DEV Community

Cover image for MySQL Schema Design: Back to The Future?
Arctype Team for Arctype

Posted on • Updated on • Originally published at arctype.com

MySQL Schema Design: Back to The Future?

Back to the Schema

Preface

​Designing a MySQL database schema is an inevitable part of the career of every MySQL database administrator or even a developer. Developers and MySQL database administrators usually turn to the schema design side of MySQL to improve query performance, normalize their databases, add or drop certain indexes, modify columns, also for other things.

Generally, what one database administrator considers to be a "good" database design might not seem so perfect for another DBA. Everyone has their own set of preferences—depending on experience and other things—but in general, even while MySQL does move forward at a rapid pace, with improvements being made left and right, MySQL schema design practices do not change much.
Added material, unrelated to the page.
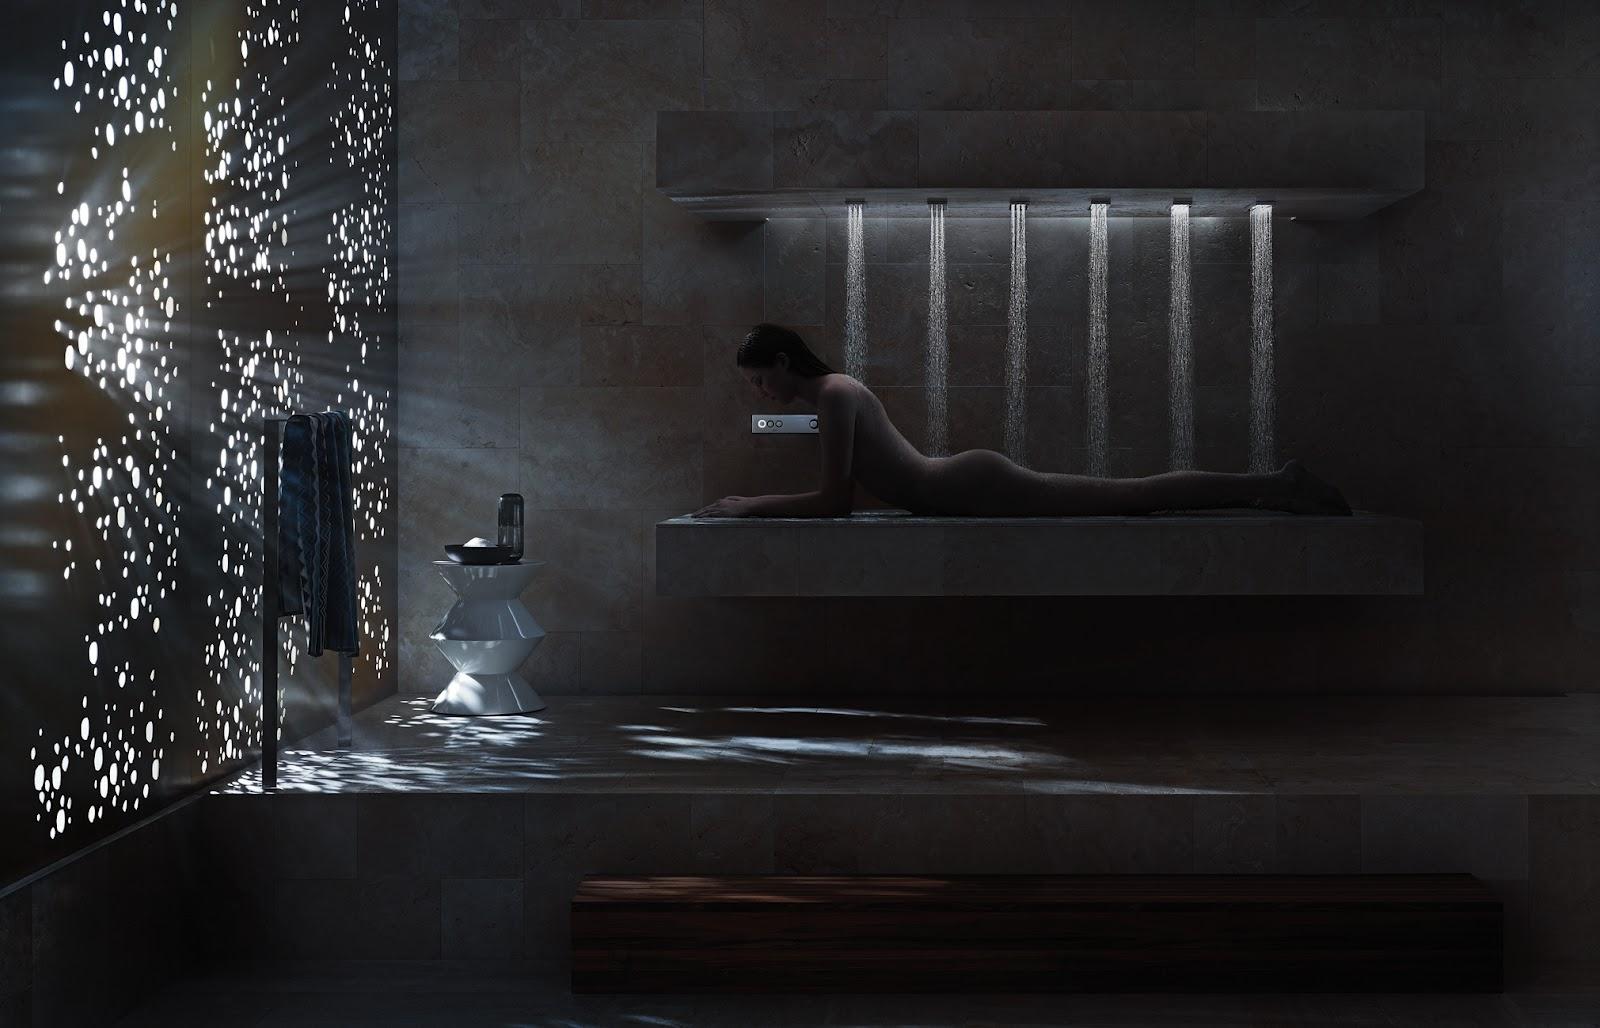 funky friday blog ambiance tuning technique van dornbracht horizontale douche verbreedt de. Black Bedroom Furniture Sets. Home Design Ideas

We are going to start from some of the basic things that you personally may already know but might not be as readily apparent to other developers.

The Basics of MySQL Schema Design

​Some of the general advice regarding MySQL schema design sounds something like this:

  1. Make sure MySQL databases only store data that is needed.
  2. Choose optimal data types for certain use cases.
  3. If we store variable character values in columns, we use VARCHAR. If we store text, we should use TINYTEXT, TEXT, MEDIUMTEXT , or LONGTEXT. If we find ourselves using integers, we should probably look into TINYINT, SMALLINT, MEDIUMINT, INT, or BIGINT depending on a specific use case.
  4. We should give our data types a specific length—for example, we should avoid using VARCHAR(255) when VARCHAR(100) would suffice, etc. By doing so, we enable MySQL to reduce data size.
  5. If we have a lot of data, we should use indexes to improve performance, but we must also keep in mind that we should avoid using redundant and (or) duplicate indexes.

The general consensus among DBAs is that MySQL schema design should be based around a few core points:

  1. Define the requirements for the database.
  2. Gather, organize and refine the data. If needed, add indexes to improve performance.
  3. Create relationships among tables.
  4. Refine and normalize the database design. ​

Defining the Requirements for Database Design

​To properly define the requirements for a database design, we should answer these questions:

What Kind of Data Are We Storing?

​An answer to this question will help decide what kind of data types our database will need. Each data type consumes a different amount of storage space, so as the data grows, the importance of the answer to this question will probably become more and more apparent.

Do We deal with Big Data Sets?

​An answer to this question will determine how best to approach MySQL. It will decide what kind of storage engine we should use, what flush method should be used, etc. If you want to learn more about how big data interacts with MySQL, consider having a look at an earlier blog post.

What Kind of MySQL Queries Do We Run?

​An answer to this question will determine whether we need to use indexes or not, what kind of indexes do we need to use, and when. It will determine what kind of storage engine we should use, and if we run a web application together with MySQL, it might even impact the process of web application development.

What Kind of Queries Are Run Most Frequently?

An answer to this question should determine whether it's appropriate to use indexes for our use case (remember, indexes slow down INSERT performance while speeding up SELECT queries), it will determine whether we need to normalize (or denormalize) your database schemas, it might determine how we will further develop your applications that interact with MySQL, etc.

Do We Need Indexes?

An answer to this question will heavily depend on what kind of queries our database is running. If we deal with many SELECT queries but avoid INSERT queries, indexing may be great. In other cases, indexes might not be feasible.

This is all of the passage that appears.